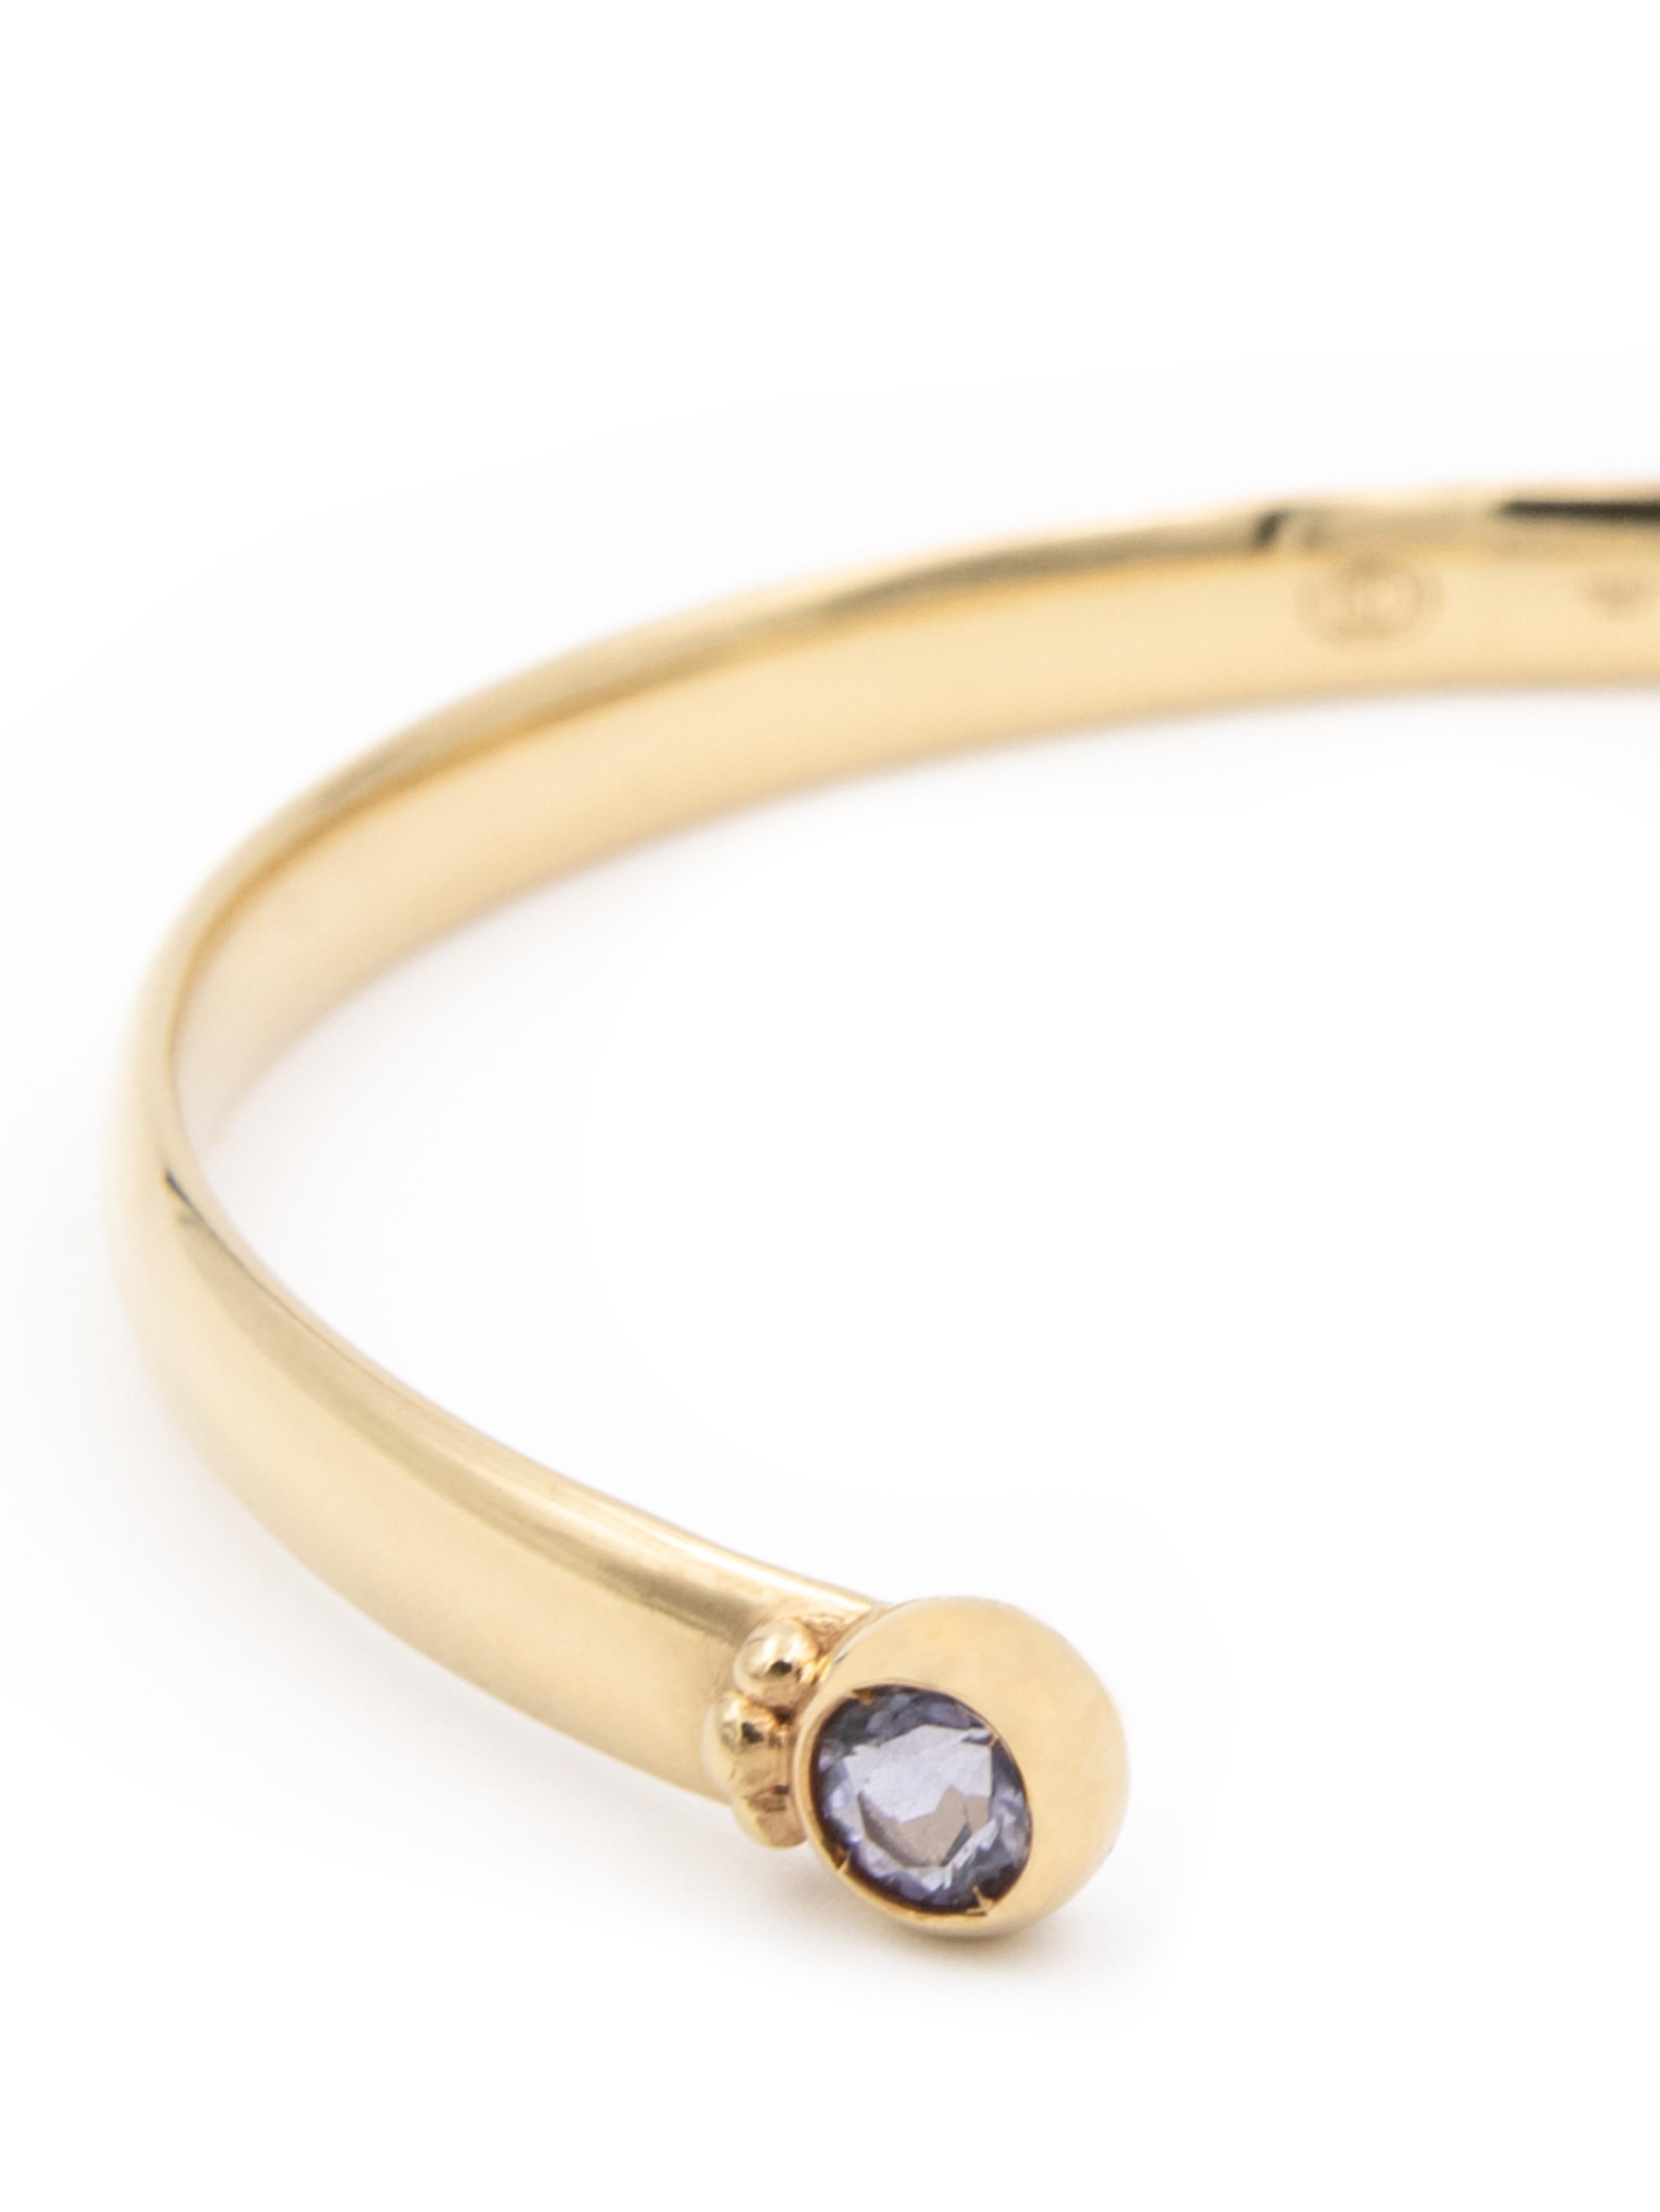 18 karat yellow gold open stacking bracelet with two round iolite stones measuring 4 mm each.  
  
Perfect worn alone or for stacking with the other stacking bracelets in the Mezzanotte Milano collection.

This bracelet forms part of Julia-Didon
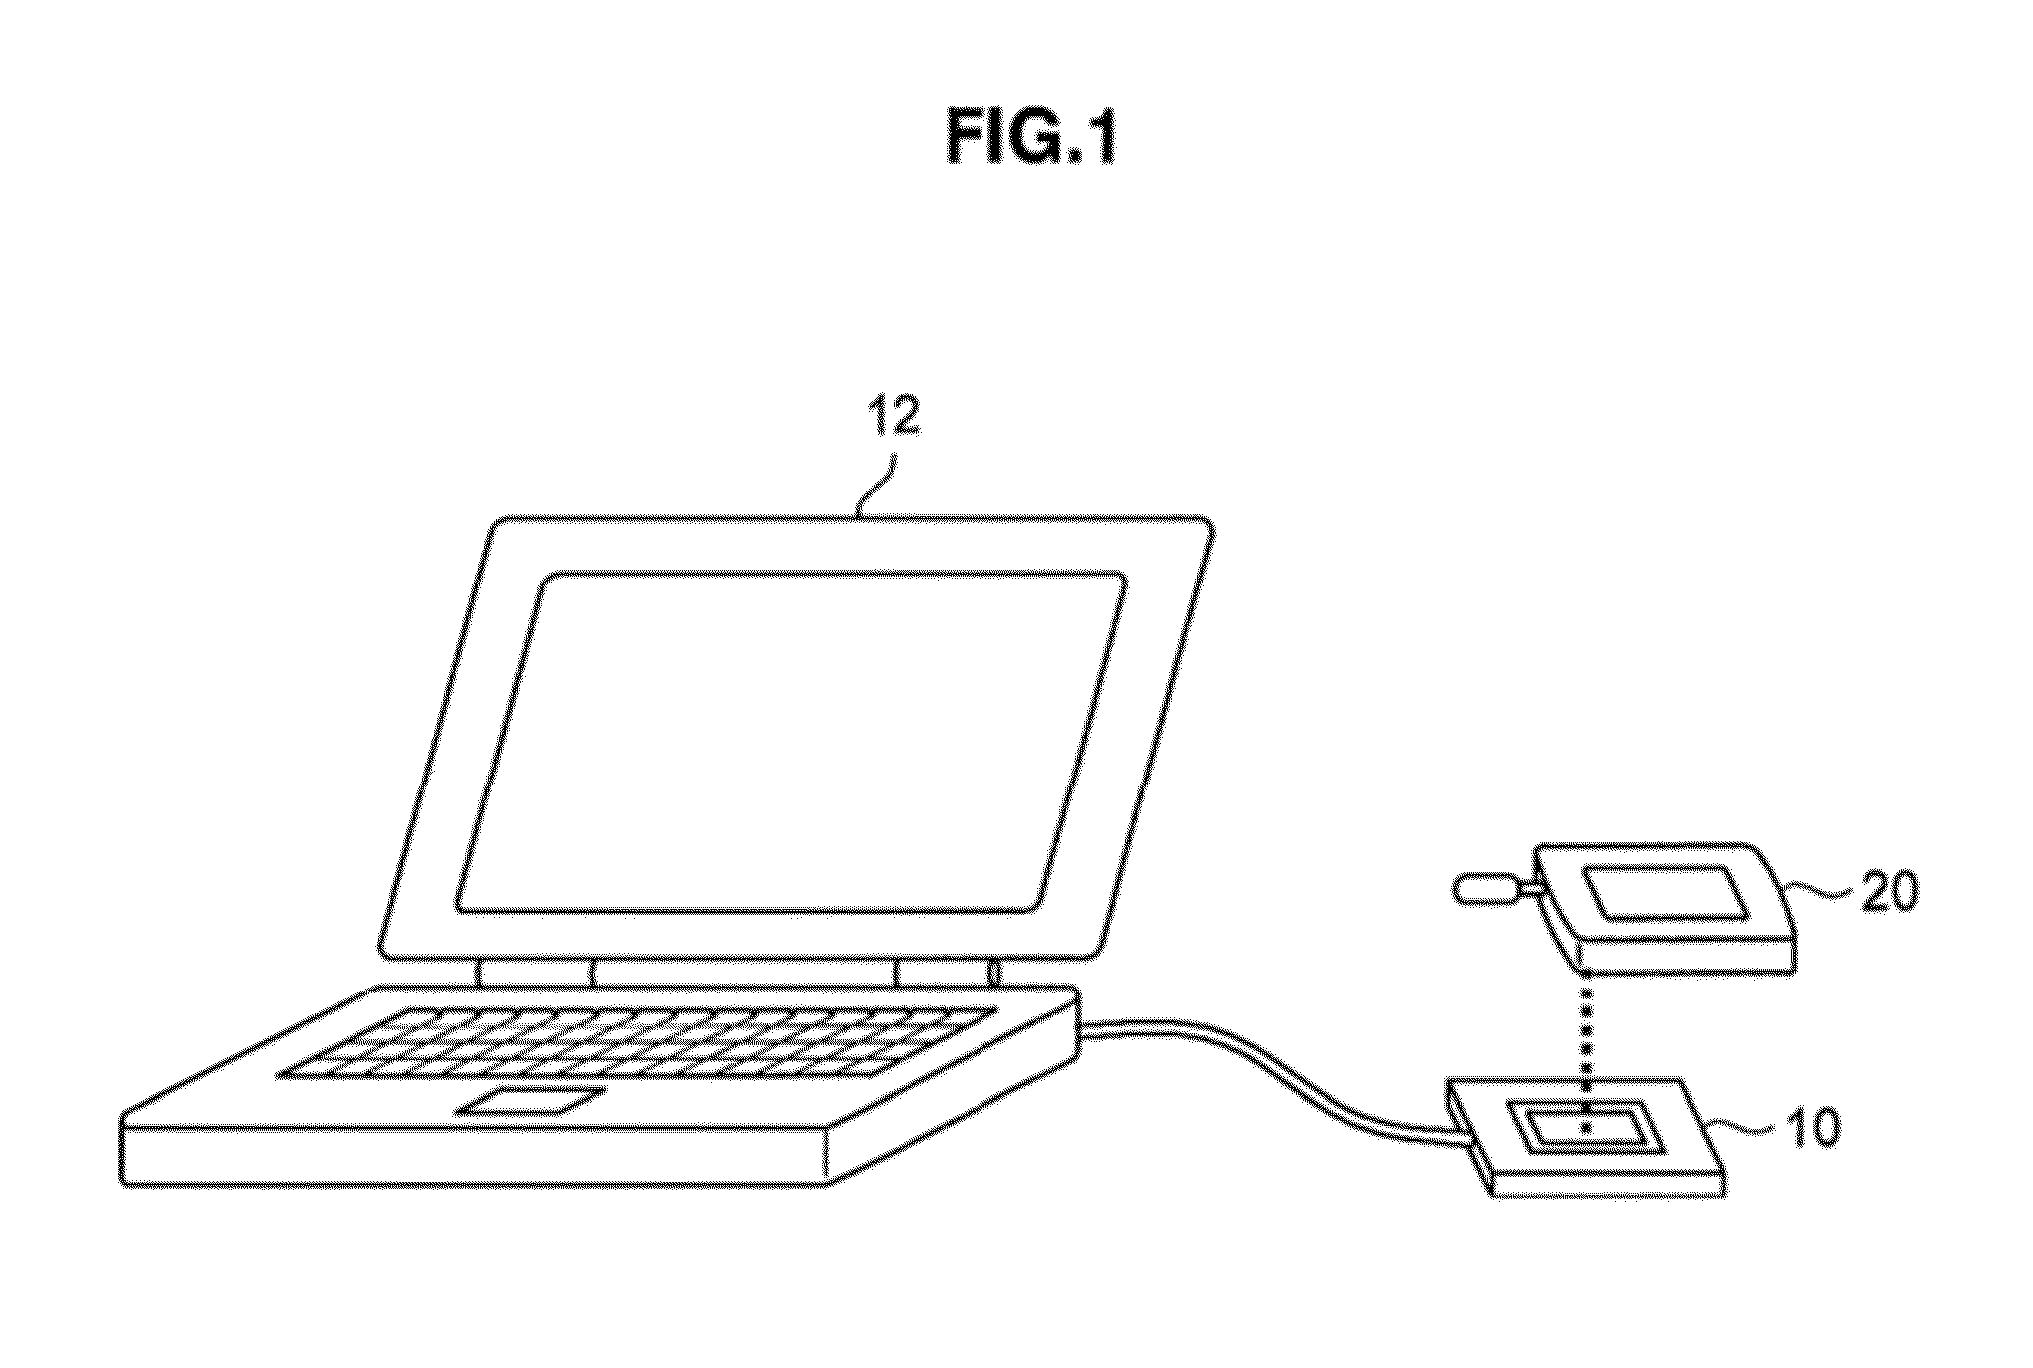 Near field communication apparatus for automated assigning of various functions

• WHAT YOU HAVE TO DO: The copy has to start at the line that contains "Perfect worn alone" and end at the last line of the material above, matching the original exactly and holding no pictures.

• RESULT FOR THIS TASK:
Perfect worn alone or for stacking with the other stacking bracelets in the Mezzanotte Milano collection.

This bracelet forms part of Julia-Didon
 Near field communication apparatus for automated assigning of various functions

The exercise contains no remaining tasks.